Time Allotment – because of the limited number of hours allotted to the program we had to decide on the best use of time in terms of the concepts that were going to be presented and the points at which concepts were going to be revisited.  The number of hours required to have the discussions necessary to clearly articulate a program presented a challenge.  The process is time consuming.

Lack of Models – at the onset of our project we had difficulty finding existing models of preK-8 Spanish programs that were articulated well.  Many programs began in 6th grade or above.  Other programs met for more hours or a lot less time than our program.  This left us to our own creative devices.  In the end we adapted the themes of an already existing Social Studies Curriculum model MCS uses.

Lack of Communication with High School Coordinators.  MCS feeds students to many different High Schools.  Each High School has its own character, approach to, and philosophy about foreign language teaching.  Because of this it was difficult to anticipate the students’ future experience.  The materials and methods used to teach language in the programs we visited varied as well.  Not knowing how to prepare students properly for a seamless transition into their High School experience made our task extremely challenging.

In the course of three years the Lower School teacher and I began to clarify the entry points for various concepts, the grades where concepts would be spiraled, and the exit goals that we felt students would be able to attain after their preK-8 experience.  We began to see improvement in student performance.

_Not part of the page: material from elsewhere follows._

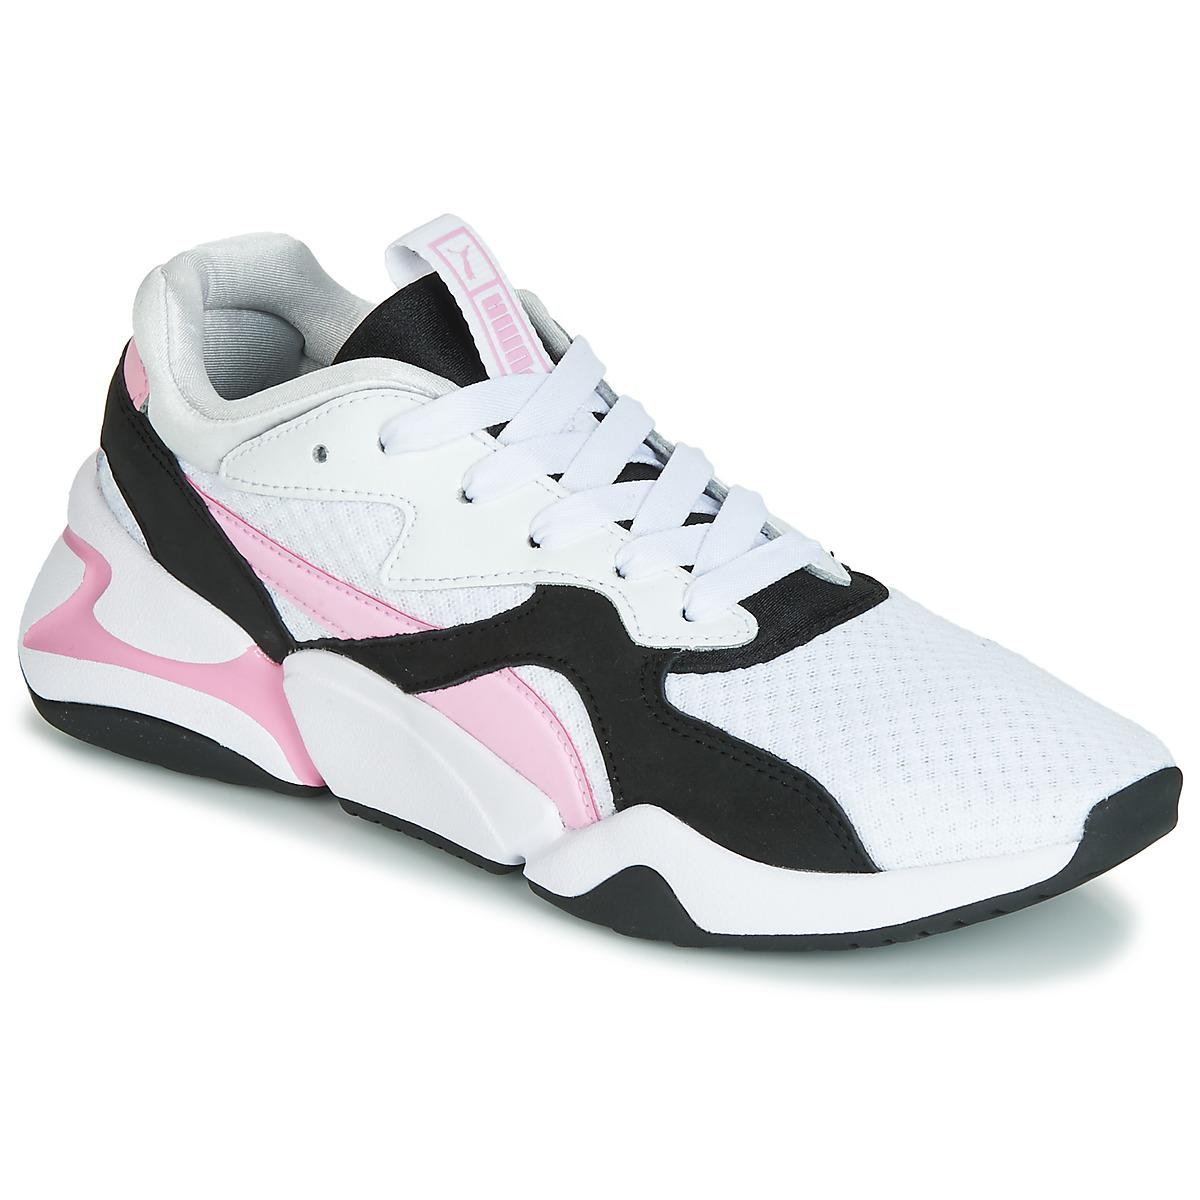 PUMA Wn Nova 90 s Bloc.wh-lilac Women s Shoes (trainers) In White in ... 86cfa1f7b

While MCS’s articulation project was on a very small scale, the challenges we encountered and the practices we put in place to articulate our Spanish program can inform other language coordinators planning to undertake a similar task.  Ultimately, a clear and seamless progression of language development[2] within any foreign language curriculum is essential to a rich and successful experience for our students.  Communication, vision, time, and collaboration among all levels are essential in the success of the articulation process.

 

 

AP Research In Support Of Secondary-Tertiary Articulation

 

Peter Negroni

 

“Where courses descriptions are out of sync with best practices, we will bring them in line.  Where exam specifications call for measurements not aligned with best practices, we will change them.”

 

The College Board was born with the concept of articulation at the heart of its mission — connecting students with college success.  Throughout its 104 year history, the organization has remained devoted to the issues surrounding this enduring concept.  In recent years, specifically, the organization has grown far beyond the familiar standardized exams that have traditionally served as rites of passage for decades of students as they moved from one level of schooling to another.  Now, through College Board programs like Springboard and My Road, as well as the vastly improved feedback we provide to students who have participated in the PSAT, we actively support student learning as they move through their middle and high school years.  But perhaps more than in any other single College Board unit, the AP Program’s offering of college level courses and exams to students still in high school epitomizes our commitment to articulation.  The AP Program spends its days at the nexus of the secondary and tertiary worlds, continually seeking to strike a precious balance between them, while resisting the oftentimes competing gravitational pulls of each.  Most recently, the Program has launched an exciting research project that will further the cause of articulation, not only in world languages, but across all disciplines represented by AP courses and exams.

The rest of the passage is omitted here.